Almodóvar regresa a la pantalla grande

Existen ciertos directores que su sólo apellido puede crear instantánea fascinación o rechazo, Pedro Almodóvar es uno de ellos. El español continúa trabajando el duelo, la inspiración y el juego narrativo en Amarga Navidad, protagonizada por el argentino Leonardo Sbaraglia.

¿De qué va?

Amarga Navidad narra la alternancia de dos historias, una protagonizada por Elsa (Bárbara Lennie), directora de publicidad, en 2004, durante el largo puente de la Constitución de diciembre. La segunda ocurre en 2025, la protagoniza Raúl (Leonardo Sbaraglia), un guionista y director que está escribiendo un guion que pronto descubriremos que es la historia de Elsa, su novio Bonifacio (Patrick Criado) y sus amigas Patricia (Victoria Luengo) y Natalia (Milena Smit). Mezclada con ficción, Elsa, de algún modo, es el alter ego de Raúl, que recurre a la autoficción como solución a una larga temporada de sequía creativa. Mira dentro de sí, y no puede evitar mirar también a las personas que componen su universo más íntimo, su compañero (Quim Gutiérrez) y su ayudante (Aitana Sánchez -Gijón).
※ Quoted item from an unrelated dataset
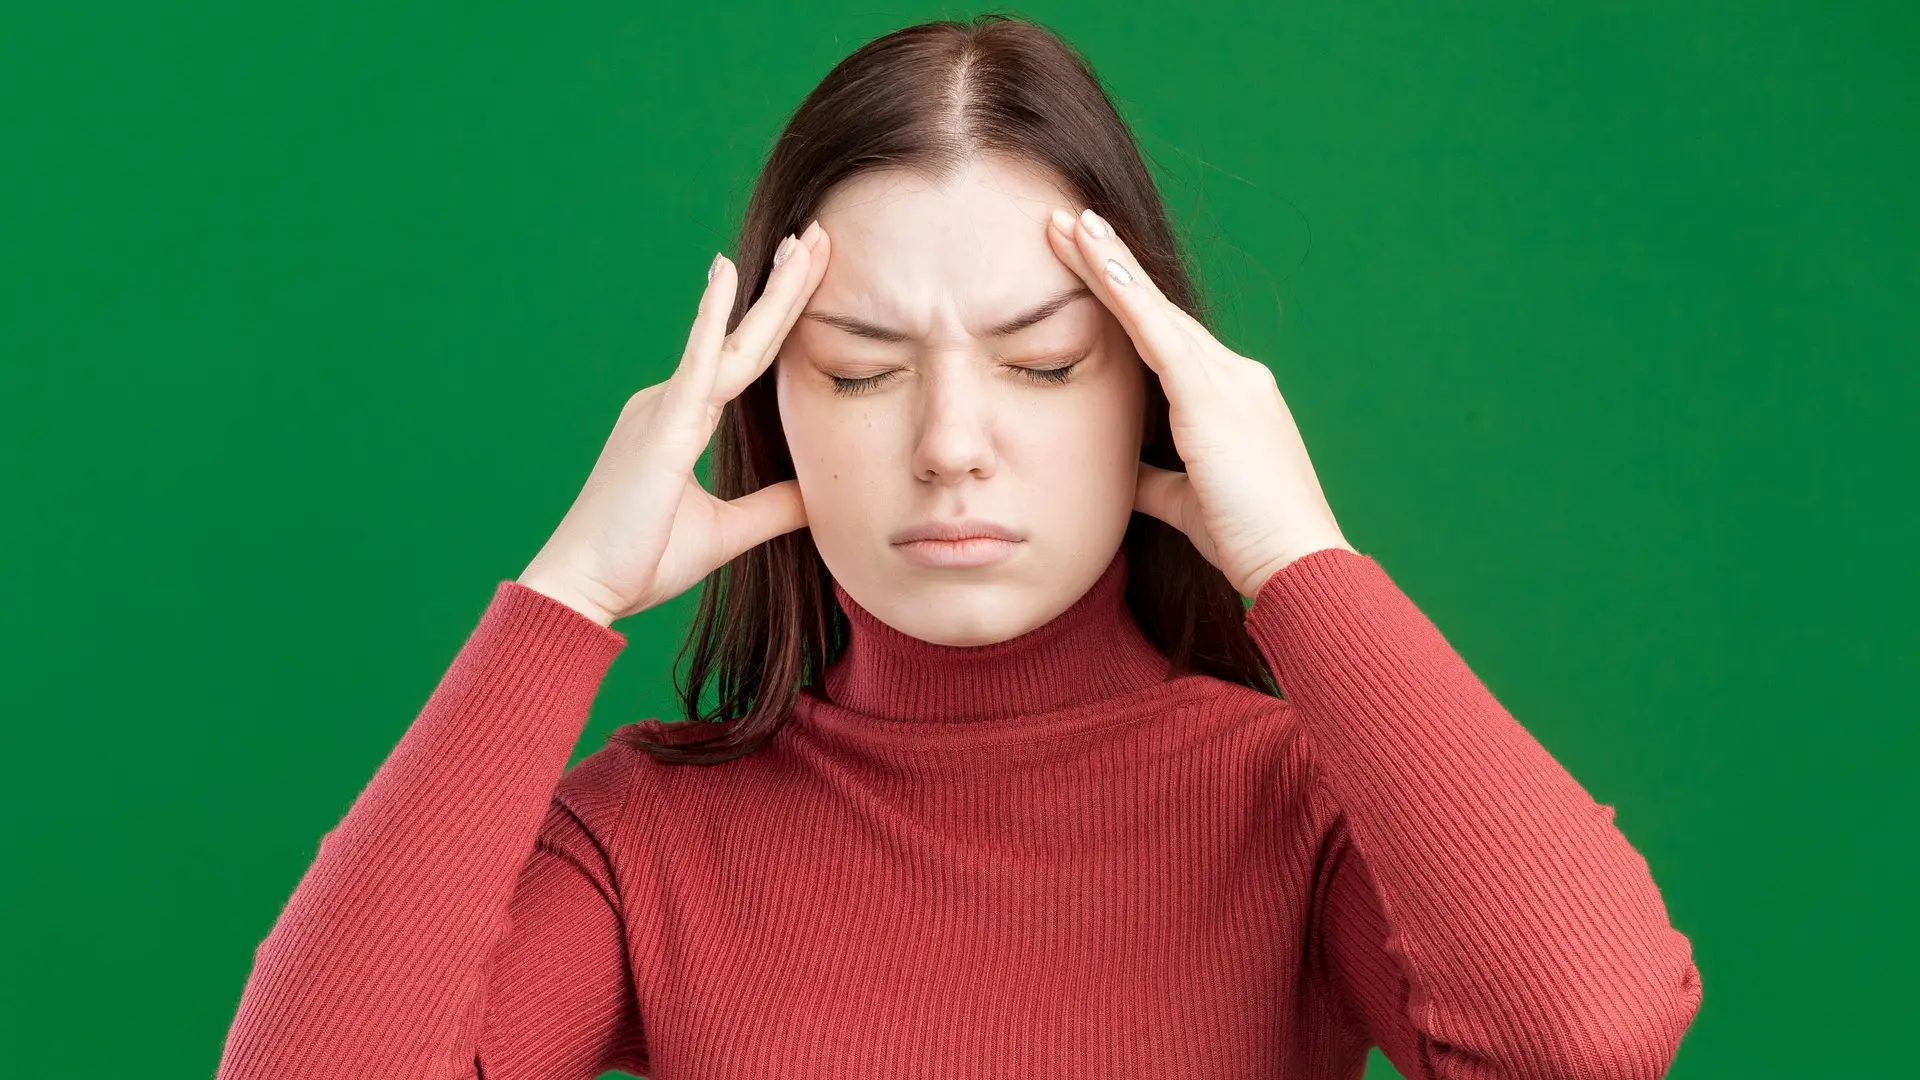 glavobolja, migrena, bol žena pixabay-6617bb20e3b24.webp
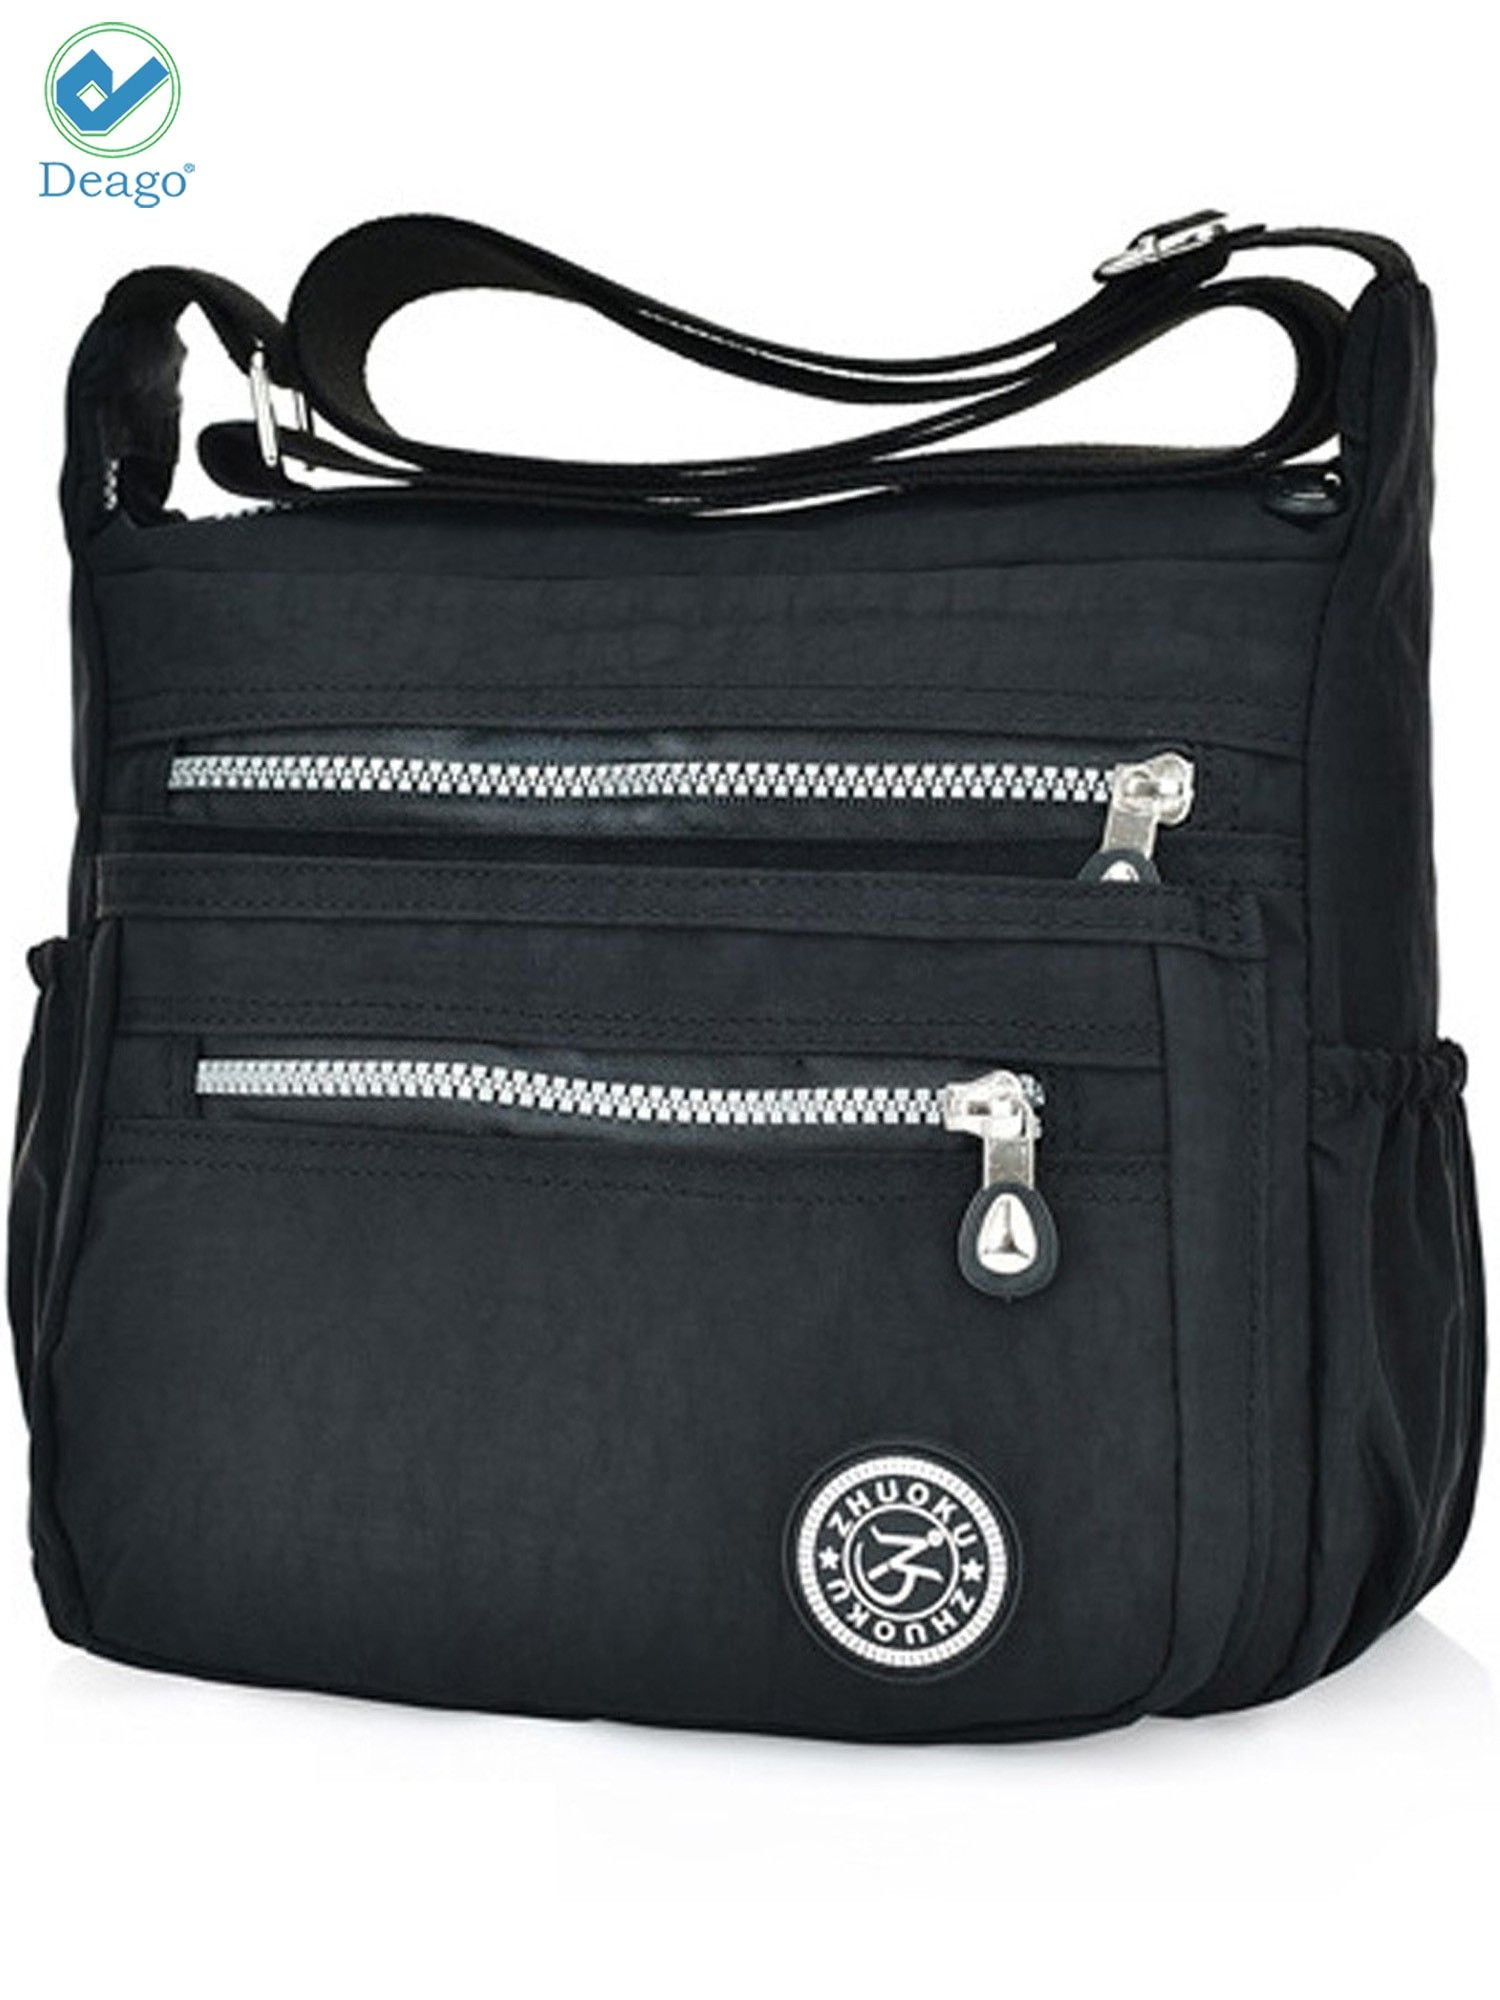 Deago - Deago Crossbody Bag for Women Waterproof Nylon Shoulder Bag ...

La inspiración es una de las simplificaciones más tóxicas de la creación artística. La idea que baje desde el éter una musa para dar luz, olvida la cuestión programática y continua del hacer. Y parece ser que Almodóvar está atravesando esas preguntas.

Amarga Navidad es una caja de china de historias dentro de historias, dónde el pasado y el presente se dan la mano -o se golpean detrás de la cabeza-. Es un tratado sobre la creación y la inspiración, y la discusión eterna sobre usar o no lo que ocurre alrededor de un artista.

Y en la génesis de esa idea platónica hay visos de una discusión sana y metatextual que puede ser a la vez inspiración para las generaciones más jóvenes. Pero el producto final, sobre todo por su propio peso específico, termina naufragando en discusiones tautológicas.

Sí, se ven trazos de lo que hace único al cine del director español, pero se lo nota achanchado y algo repetitivo, tanto que termina reutilizando la misma historia que contó en su última película. Parece ser que la muerte y la compañía durante ella es una problemática personal para Almodóvar. Y no está mal, pero repetir locación y situación se siente… poco inspirado.

El trabajo de fotografía es precioso, con primeros planos que parecen salidos de una ensoñación y una paleta de colores electrizante y saturada que ayuda a no perder detalle a pesar de sólo observar a dos personas conversando en un comedor.

El trabajo interpretativo está muy parejo, con la excepción de Sbaraglia que parece estar en otro registro. Puede ser una búsqueda -ya que la mayoría de lo que se ve sale de su cabeza- pero cuando su pareja o su asistente interactúan con él, ellos mantienen el tono de los personajes ficcionales.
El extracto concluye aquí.